(WHAT YOU SHOULD DO) Return the full listing unchanged, excluding any images it contains.
COLLECTED MATERIAL: Begin
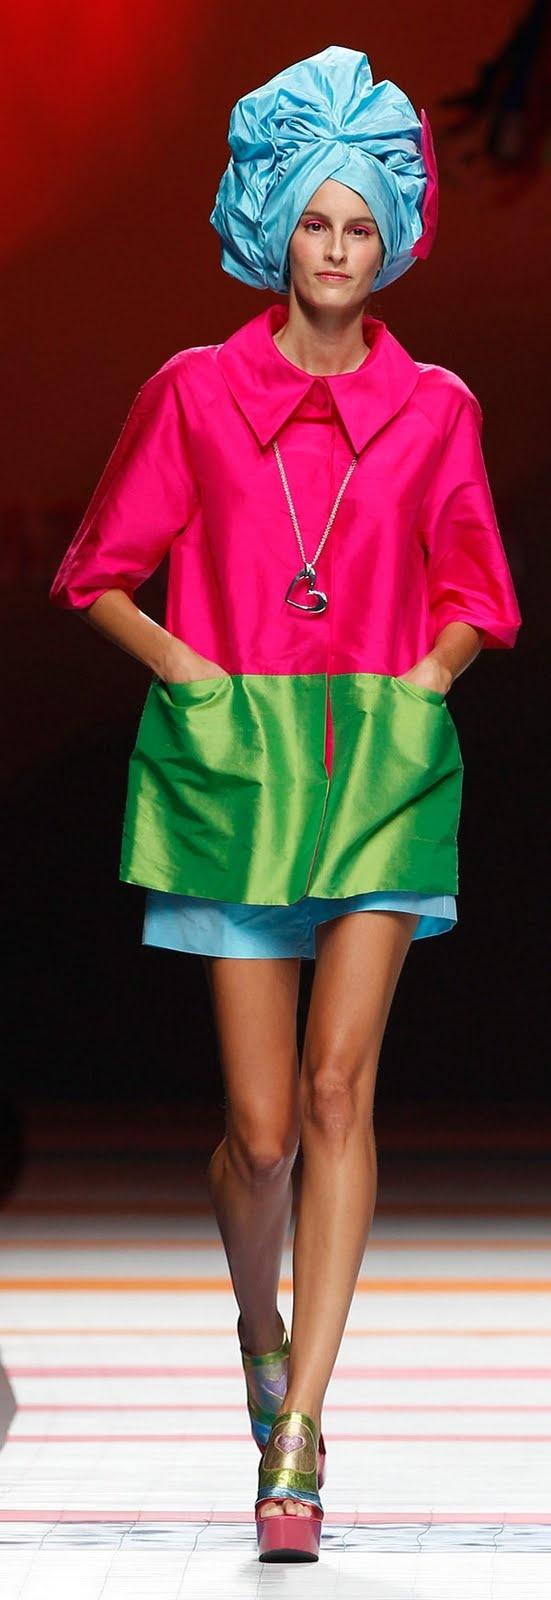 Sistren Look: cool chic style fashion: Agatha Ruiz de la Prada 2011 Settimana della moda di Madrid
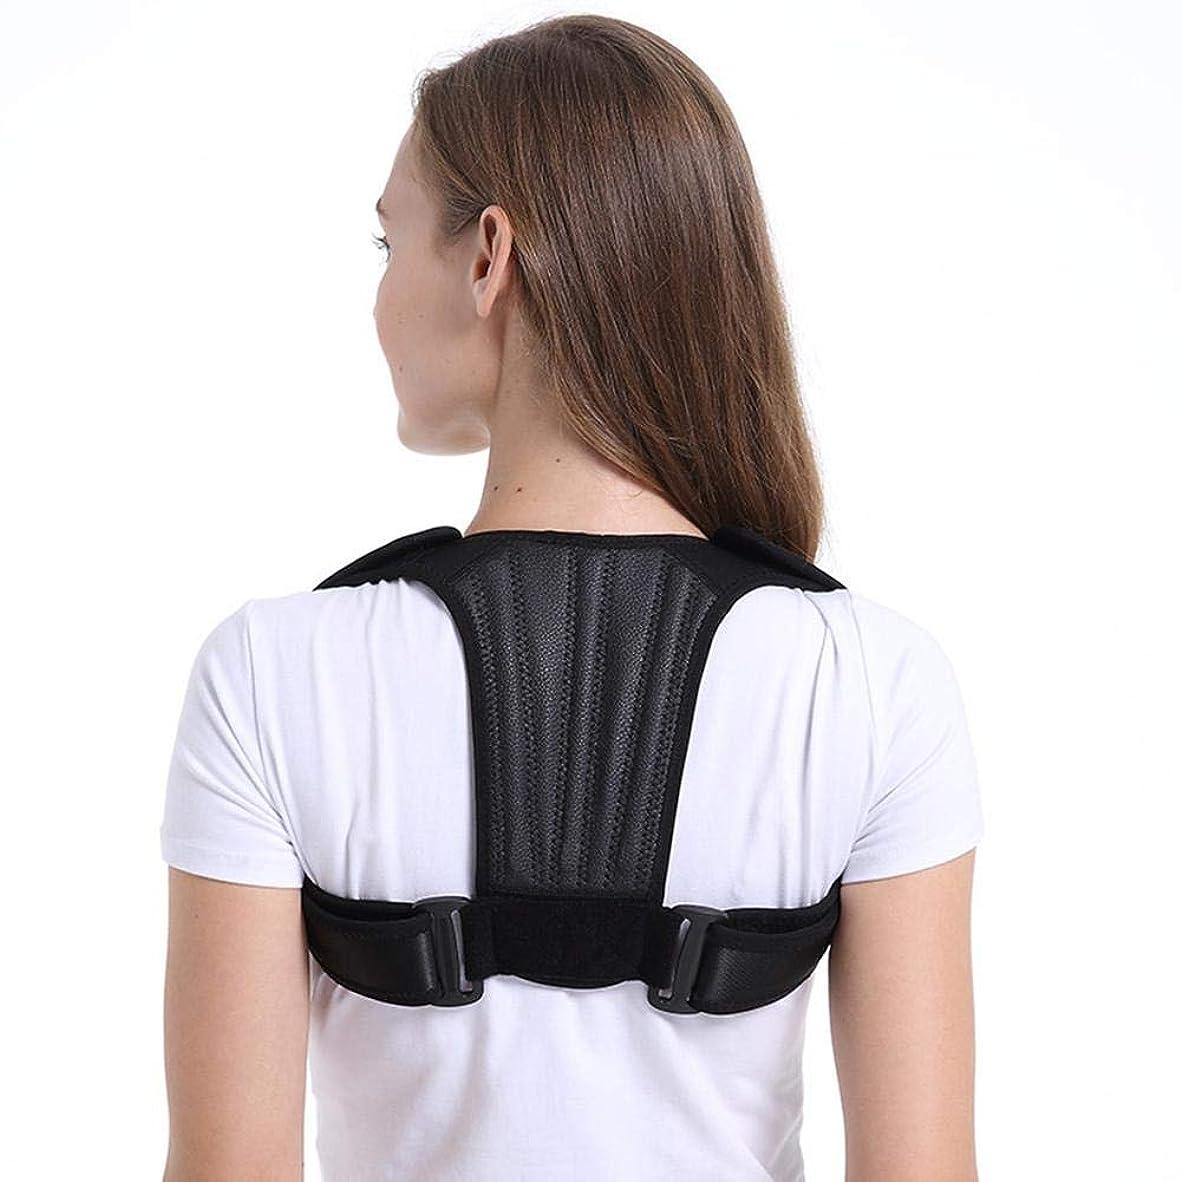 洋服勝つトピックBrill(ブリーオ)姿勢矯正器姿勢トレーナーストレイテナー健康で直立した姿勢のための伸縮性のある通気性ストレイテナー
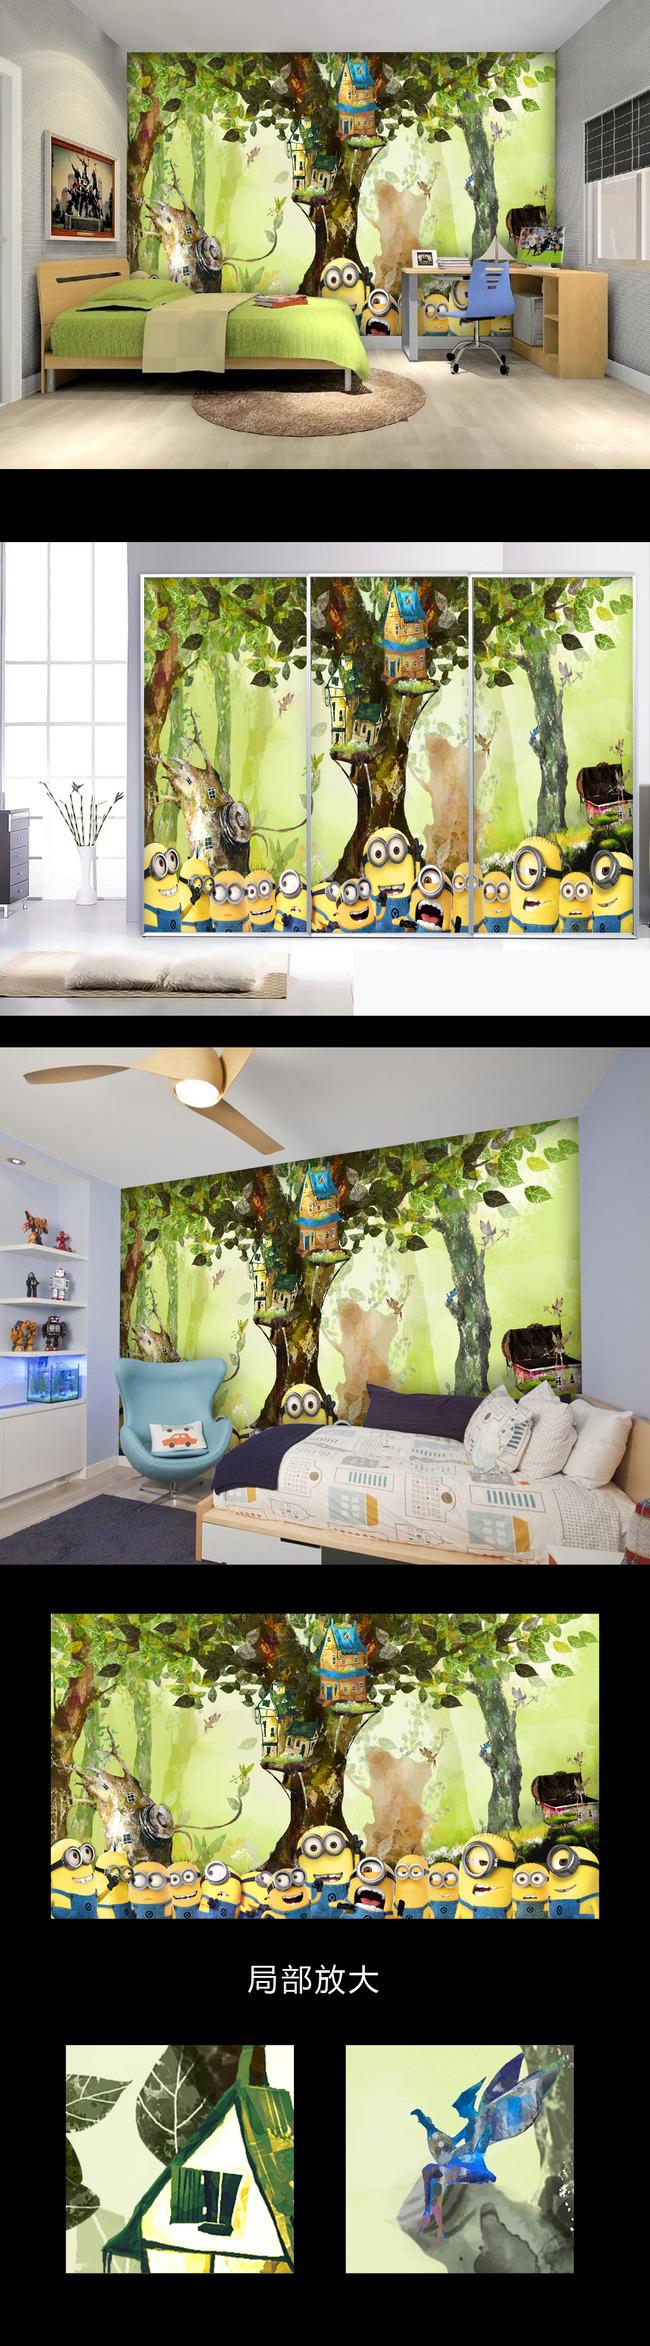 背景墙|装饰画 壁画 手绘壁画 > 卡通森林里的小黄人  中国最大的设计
COLLECTED MATERIAL: End
(ANSWER TO THIS EXERCISE)
 Sistren Look: cool chic style fashion: Agatha Ruiz de la Prada 2011 Settimana della moda di Madrid
 洋服勝つトピックBrill(ブリーオ)姿勢矯正器姿勢トレーナーストレイテナー健康で直立した姿勢のための伸縮性のある通気性ストレイテナー
 背景墙|装饰画 壁画 手绘壁画 > 卡通森林里的小黄人  中国最大的设计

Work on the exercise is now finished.